Medical image segmentation

Medical image segmentation can extract accurate, repeatable and quantitative pathological and physiological data to meet the needs of different biomedical researches and clinical applications. Therefore, image segmentation is widely used in various fields of medicine to assist in the diagnosis of diseases. Xiang et al. [34] proposed an NLCE module to combat disturbances, this module aggregated global context information and spatial dependencies to improve the robustness of medical image segmentation models. Cheng et al. [35] proposed a domain‐adaptive model called SIFA, which solved the domain shift problem from two aspects of feature and image under unsupervised conditions. Zhao et al. [36] proposed an automatic data augmentation model that could use the labelled data to synthesize other annotations, thereby saving a lot of time. Qin et al. [37] proposed a self‐focusing convolution structure to generate more detailed features through the dilated convolution and attention mechanism. The impact of diabetes on vision can be checked through the detection of digital retinal images, thereby reducing the risk of blindness in patients. Jen et al. [38] proposed a ten‐layer convolutional neural network to automatically discriminate and segment haemorrhages, exudates, and micro‐aneurysms. Gaál et al. [15] proposed a new lung segmentation method that used an adversarial critic model and an advanced fully convolutional network, this model had good robustness on different datasets. Ref. [16] used two deep convolutional neural networks for lung segmentation and solved the problem of dense abnormalities in chest X‐rays.

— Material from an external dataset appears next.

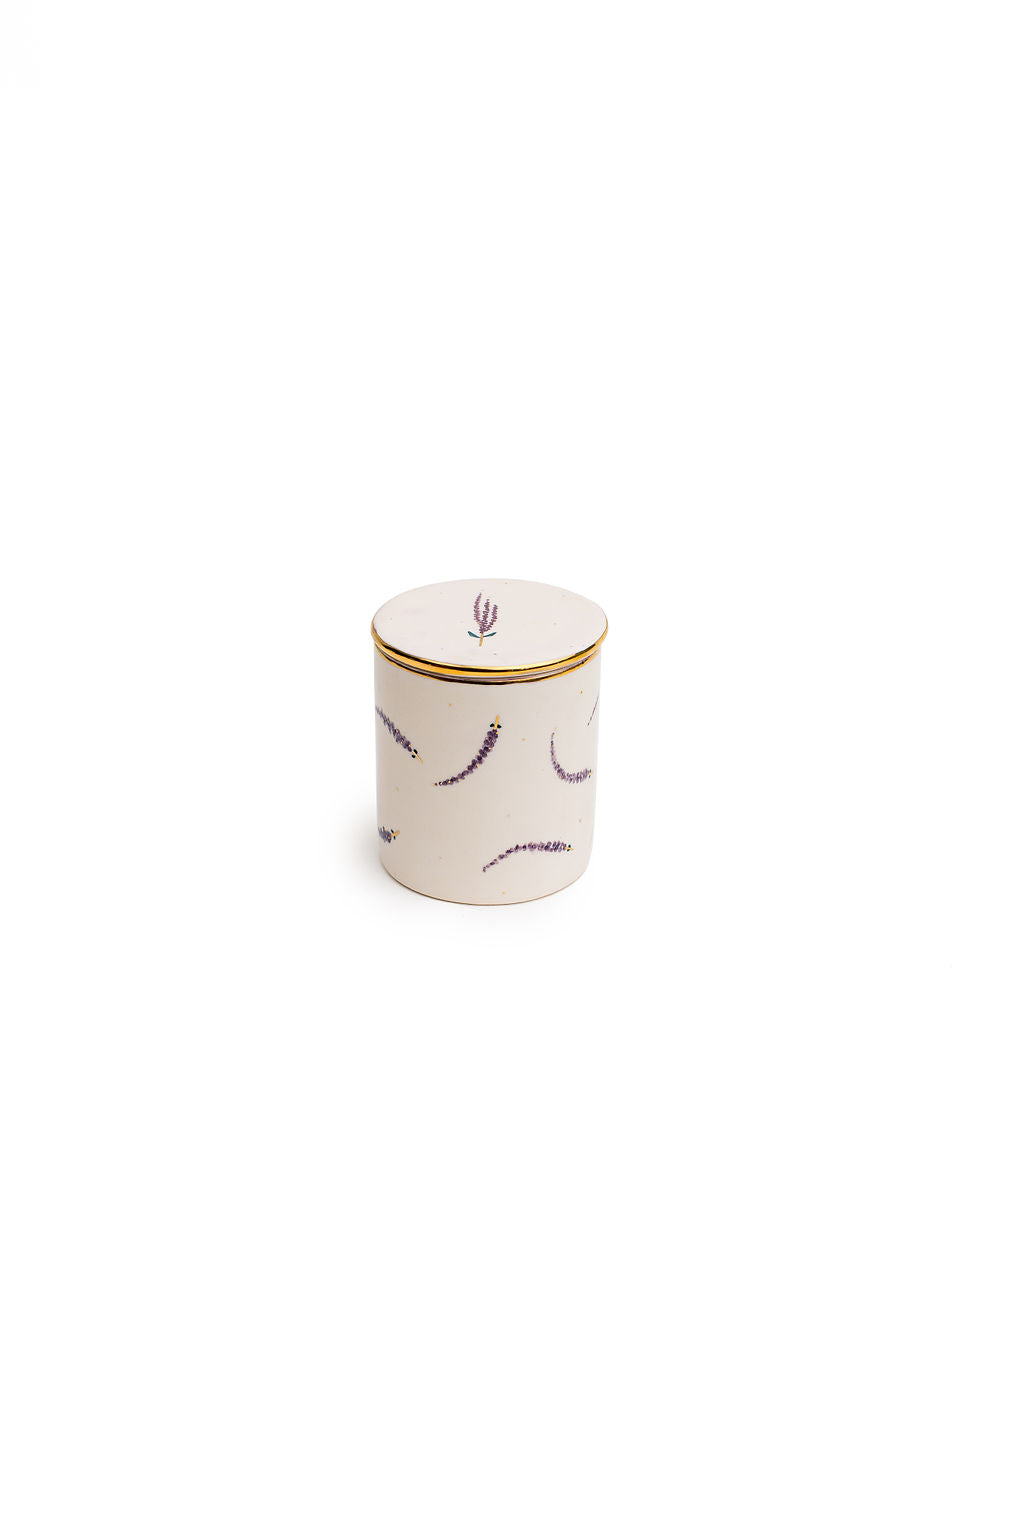 Small Lavender Canister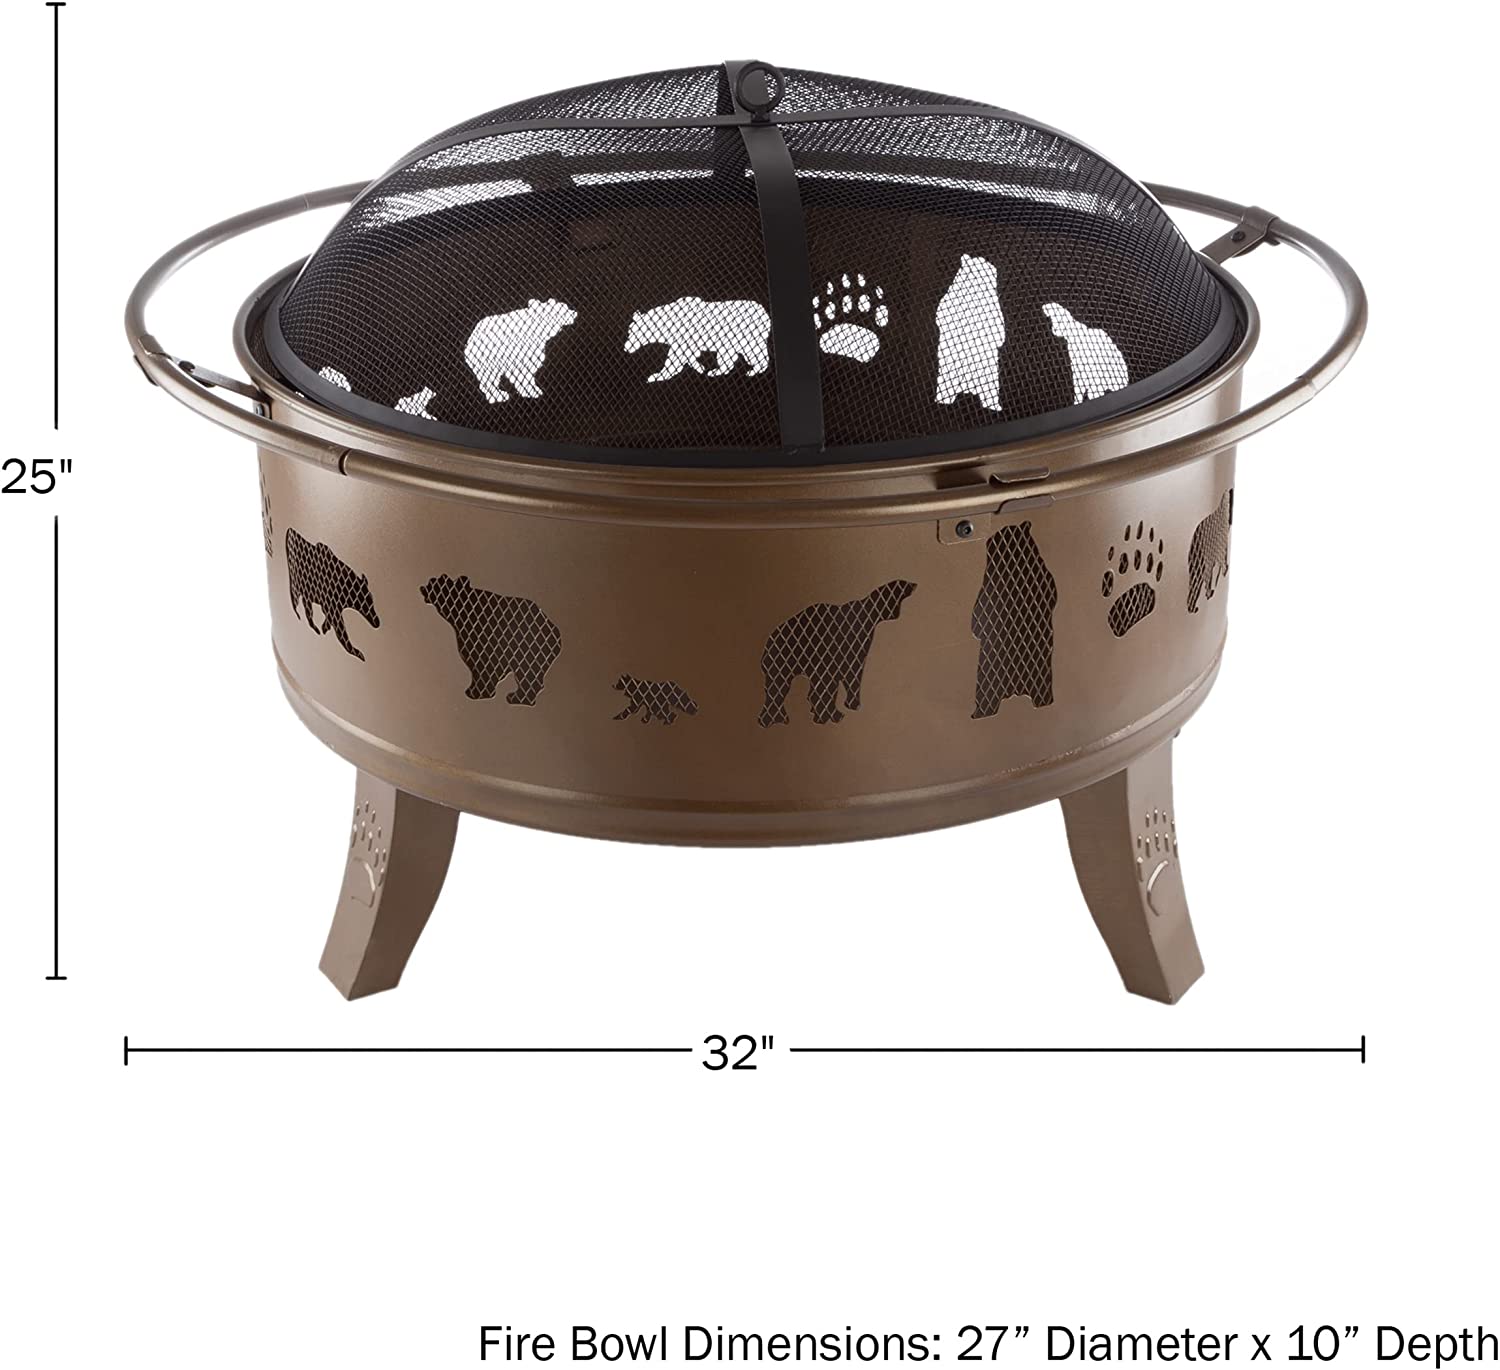 Nature Spring 50-LG1202 32” Outdoor Deep Fire Pit-Round Large Steel Bowl with Bear Cutouts， Mesh Spark Screen， Log Poker and Storage Cover-Patio Wood Burning， Antique Gold

COVID‐19 image segmentation

Recently, there have been many studies on COVID‐19 infection segmentation. Fan et al. [39] proposed a new weakly supervised learning method to conduct a binary segmentation experiment on the public dataset COVID‐SemiSeg. And the network combined FCNs to perform multi‐class segmentation. Wang et al. [40] proposed a new model called COPLE‐Net, it exploited a self‐ensembling framework and a noise‐robust Dice loss to improve the segmentation capability. And 76,250 CT slices from 558 patients were used for experiments, the dice coefficient is 0.8072. Another deep learning model, named MiniSeg, proposed by Yu et al. [41], only had 472K parameters and could be quickly retrained by other COVID‐19 datasets. The DSC in this paper achieved 0.7728. Wu et al. [42] proposed the JCS system, which included a classification model and a segmentation model. The classification model was used to judge whether the people is sick, and the segmentation model was used to determine the location of the lesion. The dataset was 3855 CT slices from 200 patients and the dice similarity coefficient was 0.783. The authors of [43] proposed a model called EDANet, which used a dual attention module of channel and position with low computational complexity. This paper also constructed the first web‐based application to detect COVID‐19 from CXR images, which could help clinicians make diagnosis through any device. Yan et al. [44] introduced a feature variation (FV) block in the proposed network to enhance feature representation capability and segmentation performance. The DSC reached to 0.726 of 21,658 CT slices from 861 patients. Ref. [45] used the deep convolutional neural network and medical knowledge to diagnose early COVID‐19 in chest X‐rays. It employed 316 X‐ray images, of which 253 were positive. The proposed method achieved superior performance of 96% accuracy. Laradji et al. [46] proposed a weakly supervised learning algorithm, which performed point‐level annotations on CT images and used a consistency‐based loss function for training. The dice coefficient obtained is 0.73.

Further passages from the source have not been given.